Validating Admission Controllers
These can reject requests but not modify them:
| Controller | What It Does |
|---|---|
NamespaceLifecycle | Prevents operations in terminating namespaces |
ResourceQuota | Enforces quota limits |
PodSecurity | Enforces pod security standards |
ValidatingAdmissionWebhook | Custom policy enforcement |
Example: Kyverno policy validation
apiVersion: kyverno.io/v1
kind: ClusterPolicy
metadata:
name: require-labels
spec:
validationFailureAction: Enforce
rules:
- name: check-team-label
match:
resources:
kinds:
- Deployment
validate:
message: "The label 'team' is required."
pattern:
metadata:
labels:
team: "?*"If your deployment lacks the team label:
Error from server: error when creating "deployment.yaml":
admission webhook "validate.kyverno.svc" denied the request:
resource Deployment/default/nginx was blocked due to the following policies:
require-labels:
check-team-label: 'validation error: The label ''team'' is required.'etcd Persistence
If all checks pass, the API server writes to etcd:
# Conceptual etcd key structure
/registry/deployments/default/nginx
/registry/pods/default/nginx-abc123
/registry/replicasets/default/nginx-5d4c6f7b8etcd is:
- A distributed key-value store
- The single source of truth for cluster state
- Where your “declaration of intent” becomes durable
At this point, kubectl apply returns success. But nothing is running yet.
Phase 3: Controller Reconciliation
Controllers watch the API server for changes and reconcile state.
The Watch Mechanism
Controllers don’t poll.
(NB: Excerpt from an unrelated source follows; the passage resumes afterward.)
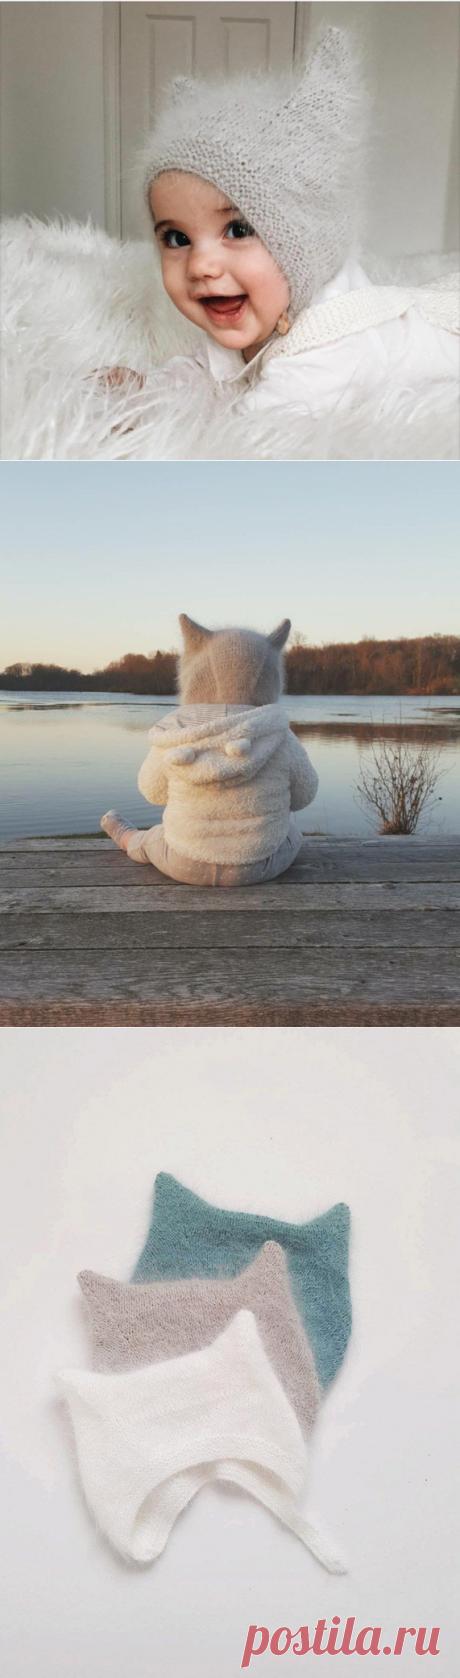 Простая шапочка для малыша (Вязание спицами) – Журнал Вдохновение Рукодельницы

They use watch – a streaming connection that pushes changes:
// Simplified controller loop
func (c *DeploymentController) Run() {
for {
// 1. Watch for Deployment changes
event := <-c.watchChannel
// 2. Get desired state
deployment := event.Object
desiredReplicas := deployment.Spec.Replicas
// 3. Get actual state
replicaSets := c.listReplicaSets(deployment)
actualReplicas := countReadyPods(replicaSets)
// 4. Reconcile
if actualReplicas < desiredReplicas {
c.scaleUp(deployment, desiredReplicas - actualReplicas)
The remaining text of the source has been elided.